First, it is worth remarking that with the exception of the Crimean War (which even the most prejudiced American will not regard as a war of aggression or as a thing for which England should be blamed) Great Britain has not been engaged in hostilities with any European Power since the days of Napoleon. Nor can it be contended that England's share in the Napoleonic wars was of England's seeking. Since then, if she has avoided hostilities it has not been for lack of opportunity. The people which, with Britain's intricate complexity of interests, amid all the turmoils and jealousies of Europe, has kept the peace for a century can scarcely have been seeking war.

And again the American will say: "That's all right; I am not talking of Europe. You've been fighting all over the world all the time. There has never been a year when you have not been licking some little tin-pot king and freezing on to his possessions."

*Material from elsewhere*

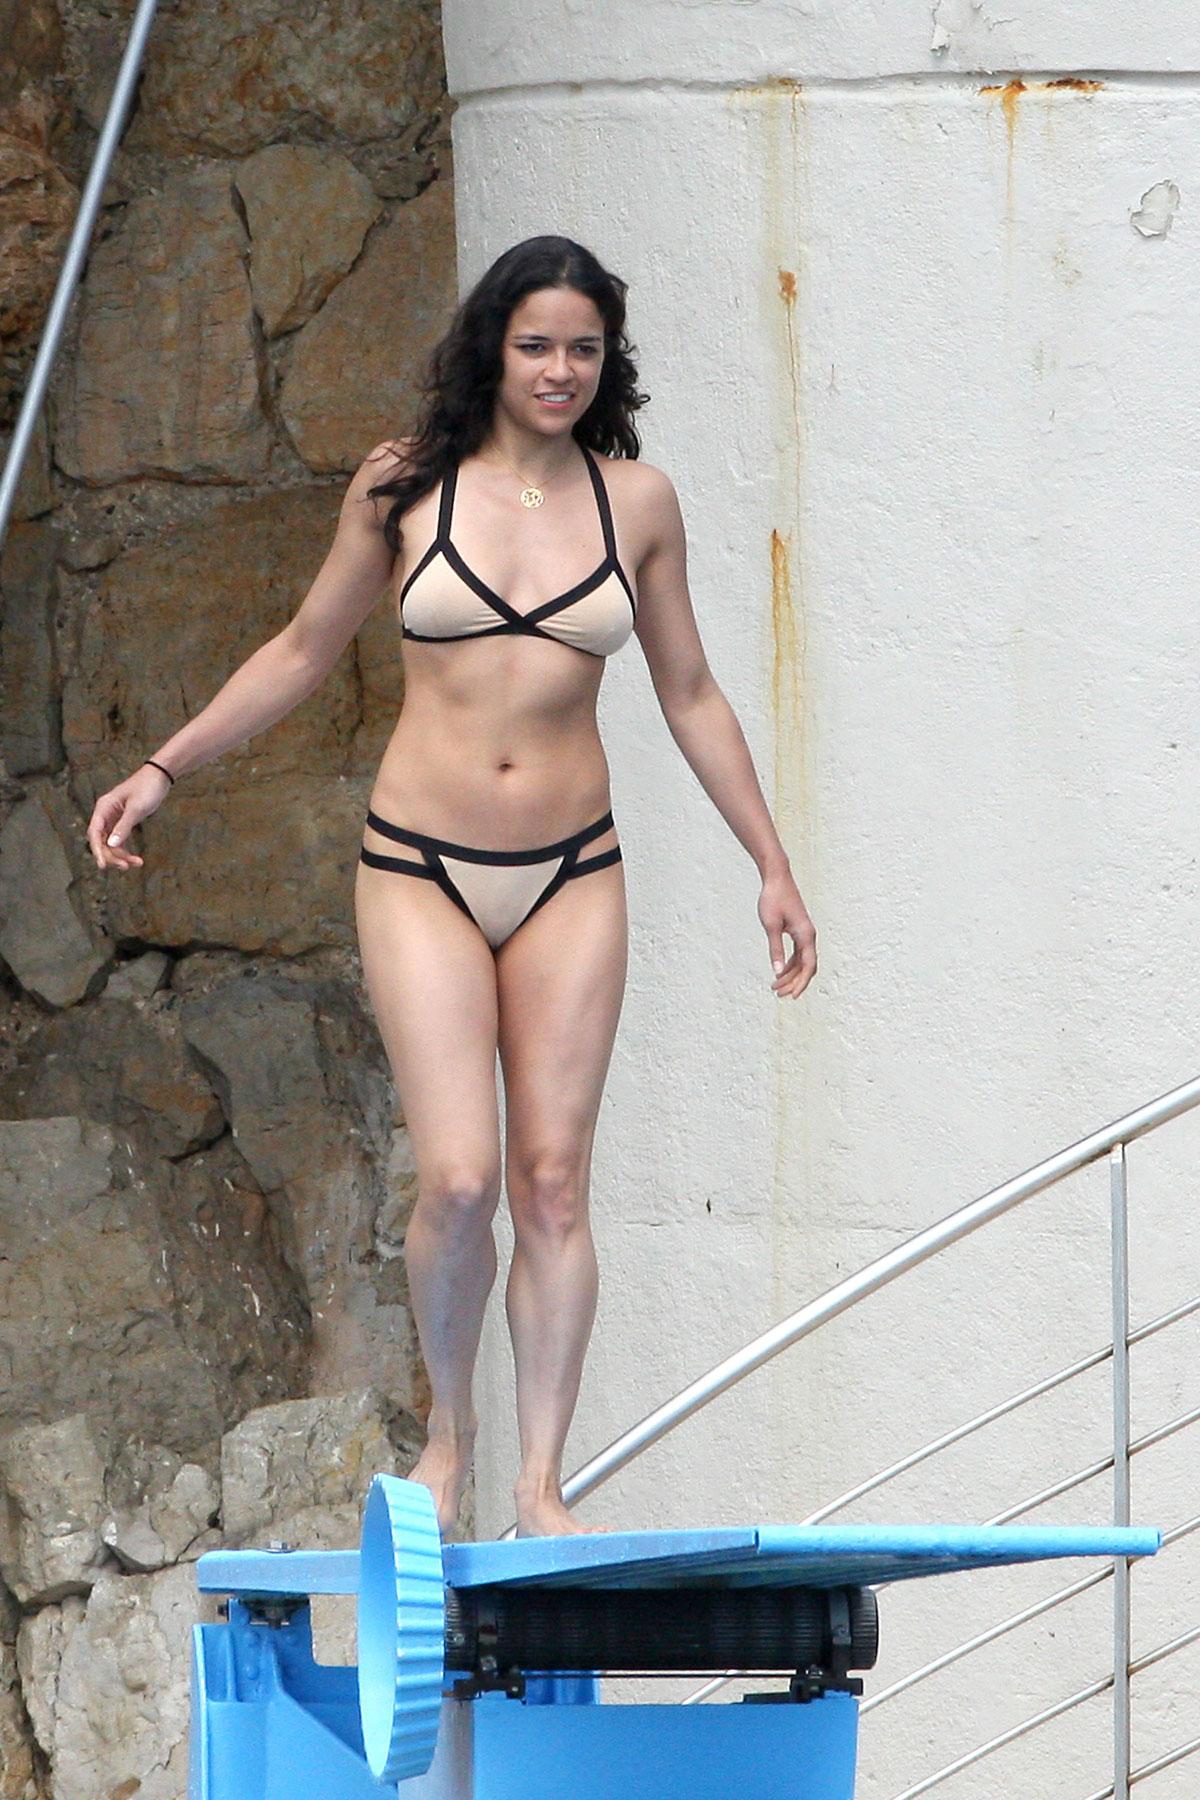 Michelle Rodriguez Bikini Bodies Pic 26 of 35

Americans are rather proud—justly proud—of the way in which their power has spread from within the narrow limits of the original thirteen States till it has dominated half a continent. It has, indeed, been a splendid piece of work. But what the American is loth to acknowledge is that that growth was as truly a colonising movement—a process of imperial expansion—as has been the growth of the British Empire. Of late years, American historical writers have been preaching this fact; but the American people has not grasped it. Moreover there were tin-pot kings already ruling America. Sioux, Nez Percé, or Cree—Zulu, Ashanti, or Burmese: the names do not matter. And when the expansive energy of the American people reached the oceans, it could no more stop than it could stop at the Mississippi. Hawaii, the Philippines, and Puerto Rico were as inevitable as Louisiana and Texas. And the acquisition of the two last-named was precisely as imperial a process as the acquisition of the others. It is only the leap over-seas that, quite illogically, gives the latter, to American eyes, a different seeming. It matters not whether you vault a boundary pillar on the plain, a river, a mountain barrier, or seven thousand miles of sea-water. The process is the same. Nor in any of the cases was the forward movement other than commendable and inevitable. It was the necessary manifestation of the unrestrainable centrifugal impulse of the Anglo-Saxon.

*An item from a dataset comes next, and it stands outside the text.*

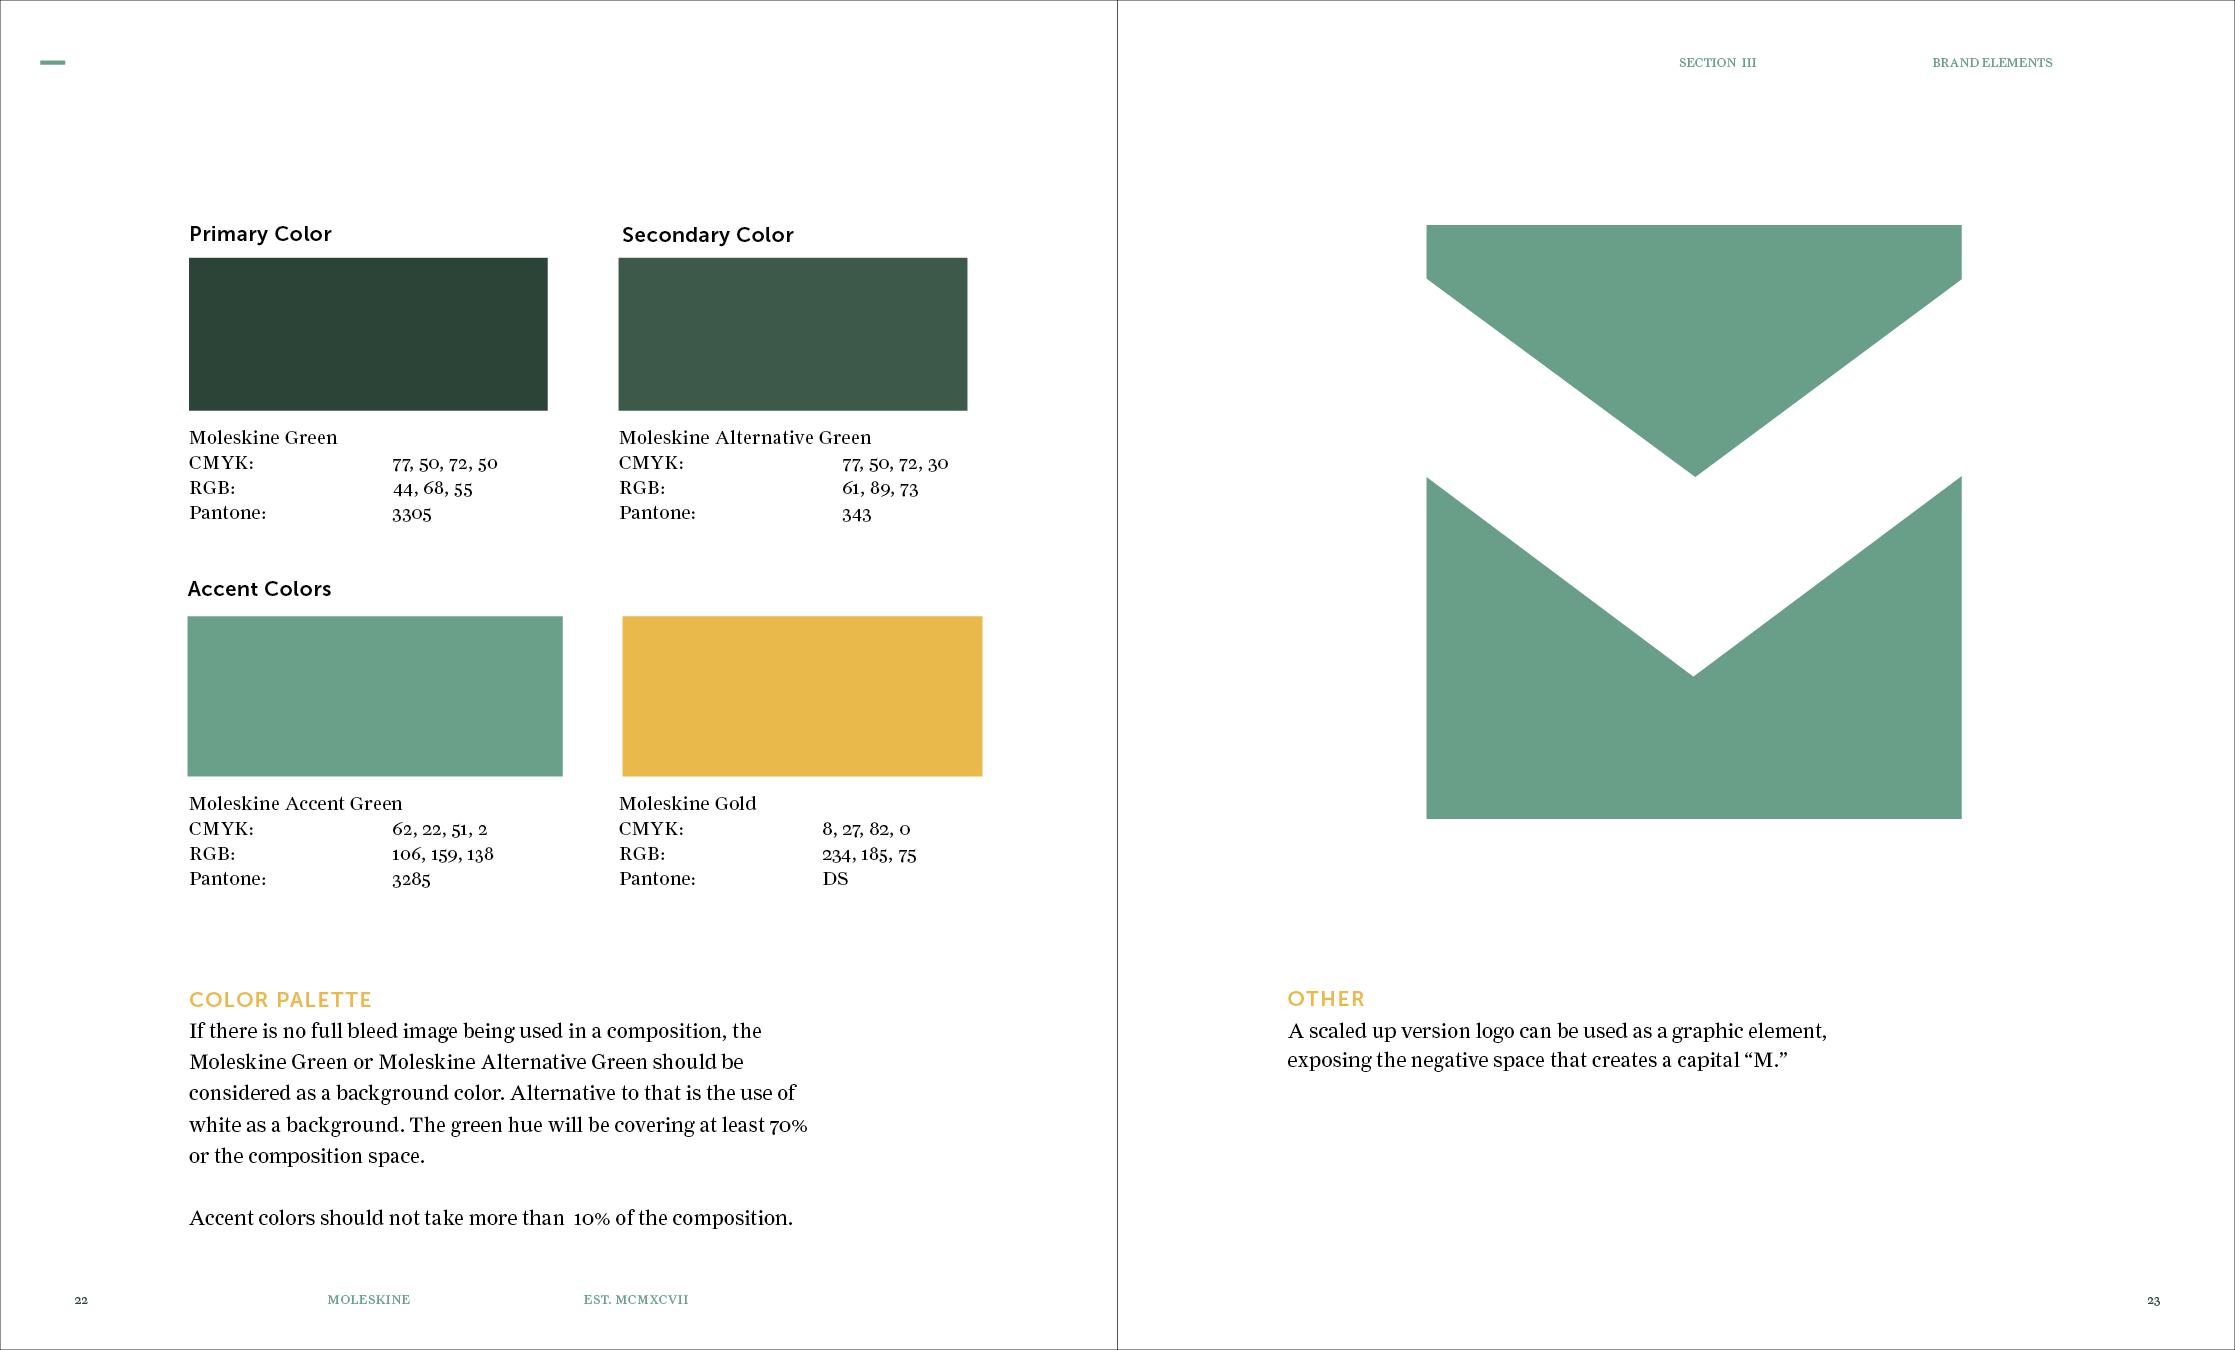 moleskine-brandbook12.jpg

The impulse which sent the first English colonists to North America sent them also to Australia, to India and the uttermost parts of the earth. The same impulse drove the American colonists westward, northward, southward, in whatever direction they met no restraining force equal to their own expansive energy. It drove them to the Pacific, to the Rio Grande, to the Sault Ste. Marie; and it has driven them over oceans into the Arctic Circle, to the shores of Asia, down the Caribbean. And as it drove them it drove also those Englishmen who were left at home and they too spread on all lines of least resistance. But no American (I have never met one, though I must have talked on the subject to hundreds) will agree that the dispersal of the Englishmen left at home was as legitimate, as necessary, and every whit as peaceful as the dispersal of those Englishmen who went first and made their new home in America.

With the acquisition of over-sea dominions of their own, many Americans are coming to comprehend something of the powerlessness of a great people in the grip of its destiny. They are also beginning to understand that the ruling and civilising of savage and alien peoples is not either all comfort or all profit. If Americans were given the option to-day to take more Philippines, would they take them? Great Britain has been familiar with her Philippines for half a century and more. Does America suppose that she also did not learn her lesson? Will not Americans understand with what utter reluctance she has been compelled again and again to take more? Some day Americans will come to believe that England no more desired to annex Burmah than the United States deliberately planned to take the Philippines; that Englishmen were as content to leave the Transvaal and the Orange Free State alone as ever Americans were to be without Hawaii or Puerto Rico. Egypt was forced upon Great Britain precisely as Cuba is being foisted on America to-day—and every Englishman hopes that the United States will be able to do as much for the Cubans as Great Britain has done for the Egyptians.